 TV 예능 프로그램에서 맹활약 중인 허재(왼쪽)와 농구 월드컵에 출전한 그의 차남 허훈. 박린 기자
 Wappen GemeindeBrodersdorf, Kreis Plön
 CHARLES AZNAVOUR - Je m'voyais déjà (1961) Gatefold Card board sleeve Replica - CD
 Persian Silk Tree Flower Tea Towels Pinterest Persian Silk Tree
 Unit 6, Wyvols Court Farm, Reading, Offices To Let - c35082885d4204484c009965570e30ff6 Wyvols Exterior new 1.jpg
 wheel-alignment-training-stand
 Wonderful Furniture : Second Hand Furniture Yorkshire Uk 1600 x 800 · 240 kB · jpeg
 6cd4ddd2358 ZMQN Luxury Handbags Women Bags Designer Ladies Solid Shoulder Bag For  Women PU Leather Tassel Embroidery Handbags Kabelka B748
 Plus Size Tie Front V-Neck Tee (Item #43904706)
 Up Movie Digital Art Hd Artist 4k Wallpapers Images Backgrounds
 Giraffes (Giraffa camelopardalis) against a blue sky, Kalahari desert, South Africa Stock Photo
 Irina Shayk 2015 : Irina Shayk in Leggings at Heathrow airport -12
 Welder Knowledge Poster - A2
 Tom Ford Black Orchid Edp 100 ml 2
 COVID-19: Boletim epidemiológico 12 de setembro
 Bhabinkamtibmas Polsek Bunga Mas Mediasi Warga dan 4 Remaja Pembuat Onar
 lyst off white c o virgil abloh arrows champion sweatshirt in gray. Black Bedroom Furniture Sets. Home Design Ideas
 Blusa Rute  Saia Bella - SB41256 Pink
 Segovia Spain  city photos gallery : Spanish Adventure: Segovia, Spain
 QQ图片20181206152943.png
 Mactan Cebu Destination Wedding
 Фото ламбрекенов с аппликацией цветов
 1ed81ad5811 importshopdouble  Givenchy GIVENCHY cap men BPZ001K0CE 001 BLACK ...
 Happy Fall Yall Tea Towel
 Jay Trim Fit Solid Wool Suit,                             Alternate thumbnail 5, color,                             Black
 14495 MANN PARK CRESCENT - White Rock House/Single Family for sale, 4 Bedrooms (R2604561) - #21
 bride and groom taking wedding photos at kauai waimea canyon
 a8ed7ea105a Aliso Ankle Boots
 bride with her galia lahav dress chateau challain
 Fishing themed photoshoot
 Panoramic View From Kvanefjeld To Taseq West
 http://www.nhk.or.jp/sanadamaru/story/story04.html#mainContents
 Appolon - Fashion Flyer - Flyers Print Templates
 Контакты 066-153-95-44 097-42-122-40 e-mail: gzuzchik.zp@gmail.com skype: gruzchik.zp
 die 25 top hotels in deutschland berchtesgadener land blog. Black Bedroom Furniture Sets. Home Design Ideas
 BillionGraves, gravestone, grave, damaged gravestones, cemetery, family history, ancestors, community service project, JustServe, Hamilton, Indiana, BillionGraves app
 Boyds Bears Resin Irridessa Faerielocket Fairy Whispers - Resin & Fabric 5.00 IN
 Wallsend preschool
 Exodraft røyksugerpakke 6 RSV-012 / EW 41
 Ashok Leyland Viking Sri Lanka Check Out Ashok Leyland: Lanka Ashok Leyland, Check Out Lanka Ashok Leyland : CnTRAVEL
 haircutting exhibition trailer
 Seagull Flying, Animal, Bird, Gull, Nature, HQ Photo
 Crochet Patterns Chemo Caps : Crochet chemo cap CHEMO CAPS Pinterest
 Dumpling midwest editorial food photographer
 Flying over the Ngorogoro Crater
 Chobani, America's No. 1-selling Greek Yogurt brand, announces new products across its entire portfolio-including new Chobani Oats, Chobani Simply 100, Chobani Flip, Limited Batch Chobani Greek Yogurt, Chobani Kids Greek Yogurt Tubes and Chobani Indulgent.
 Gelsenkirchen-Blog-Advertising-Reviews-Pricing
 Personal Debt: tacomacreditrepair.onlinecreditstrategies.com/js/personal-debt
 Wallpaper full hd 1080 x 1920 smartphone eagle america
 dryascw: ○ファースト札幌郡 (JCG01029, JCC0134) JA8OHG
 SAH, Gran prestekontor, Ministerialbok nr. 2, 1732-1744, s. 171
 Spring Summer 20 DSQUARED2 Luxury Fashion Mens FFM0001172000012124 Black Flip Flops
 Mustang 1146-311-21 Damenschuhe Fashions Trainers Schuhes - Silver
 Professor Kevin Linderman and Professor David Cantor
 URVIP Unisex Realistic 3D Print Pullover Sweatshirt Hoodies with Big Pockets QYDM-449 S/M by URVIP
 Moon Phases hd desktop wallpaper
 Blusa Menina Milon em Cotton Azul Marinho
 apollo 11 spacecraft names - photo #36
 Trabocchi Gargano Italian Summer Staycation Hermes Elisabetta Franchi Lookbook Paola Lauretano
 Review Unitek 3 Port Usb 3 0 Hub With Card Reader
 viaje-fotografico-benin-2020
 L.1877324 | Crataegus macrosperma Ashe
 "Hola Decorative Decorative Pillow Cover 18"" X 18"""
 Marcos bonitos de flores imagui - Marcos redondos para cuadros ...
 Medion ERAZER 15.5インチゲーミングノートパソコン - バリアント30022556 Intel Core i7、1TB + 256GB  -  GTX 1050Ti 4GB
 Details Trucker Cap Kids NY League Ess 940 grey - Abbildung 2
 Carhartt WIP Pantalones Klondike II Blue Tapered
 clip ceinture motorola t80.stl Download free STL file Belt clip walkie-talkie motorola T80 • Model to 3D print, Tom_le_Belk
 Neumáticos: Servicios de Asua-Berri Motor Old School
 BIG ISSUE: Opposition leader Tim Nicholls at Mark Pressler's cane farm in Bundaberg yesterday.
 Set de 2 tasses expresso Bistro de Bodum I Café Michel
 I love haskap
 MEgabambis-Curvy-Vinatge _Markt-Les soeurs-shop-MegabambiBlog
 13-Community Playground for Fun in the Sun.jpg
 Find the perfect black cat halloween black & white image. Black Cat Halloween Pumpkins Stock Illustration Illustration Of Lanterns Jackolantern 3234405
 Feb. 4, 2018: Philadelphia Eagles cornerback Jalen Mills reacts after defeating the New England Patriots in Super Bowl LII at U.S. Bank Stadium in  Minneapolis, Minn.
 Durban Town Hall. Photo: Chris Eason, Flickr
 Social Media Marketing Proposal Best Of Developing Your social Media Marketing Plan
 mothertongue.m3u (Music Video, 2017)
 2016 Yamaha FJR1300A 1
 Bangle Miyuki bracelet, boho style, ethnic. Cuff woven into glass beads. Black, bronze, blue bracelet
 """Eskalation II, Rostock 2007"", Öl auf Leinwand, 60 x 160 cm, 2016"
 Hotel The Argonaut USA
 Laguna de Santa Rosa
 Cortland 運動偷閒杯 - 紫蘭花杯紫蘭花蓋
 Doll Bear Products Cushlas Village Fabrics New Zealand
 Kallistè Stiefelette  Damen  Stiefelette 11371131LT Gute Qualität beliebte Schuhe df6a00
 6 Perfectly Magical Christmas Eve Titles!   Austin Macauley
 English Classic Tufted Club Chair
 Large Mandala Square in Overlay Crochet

--

WORK REQUEST:
Word for word, restate the lines of the listing above starting at the line with "BIG ISSUE: Opposition" and ending at the line with "Laguna de Santa Rosa", and nothing outside them.

OUTPUT OF THE TASK:
 BIG ISSUE: Opposition leader Tim Nicholls at Mark Pressler's cane farm in Bundaberg yesterday.
 Set de 2 tasses expresso Bistro de Bodum I Café Michel
 I love haskap
 MEgabambis-Curvy-Vinatge _Markt-Les soeurs-shop-MegabambiBlog
 13-Community Playground for Fun in the Sun.jpg
 Find the perfect black cat halloween black & white image. Black Cat Halloween Pumpkins Stock Illustration Illustration Of Lanterns Jackolantern 3234405
 Feb. 4, 2018: Philadelphia Eagles cornerback Jalen Mills reacts after defeating the New England Patriots in Super Bowl LII at U.S. Bank Stadium in  Minneapolis, Minn.
 Durban Town Hall. Photo: Chris Eason, Flickr
 Social Media Marketing Proposal Best Of Developing Your social Media Marketing Plan
 mothertongue.m3u (Music Video, 2017)
 2016 Yamaha FJR1300A 1
 Bangle Miyuki bracelet, boho style, ethnic. Cuff woven into glass beads. Black, bronze, blue bracelet
 """Eskalation II, Rostock 2007"", Öl auf Leinwand, 60 x 160 cm, 2016"
 Hotel The Argonaut USA
 Laguna de Santa Rosa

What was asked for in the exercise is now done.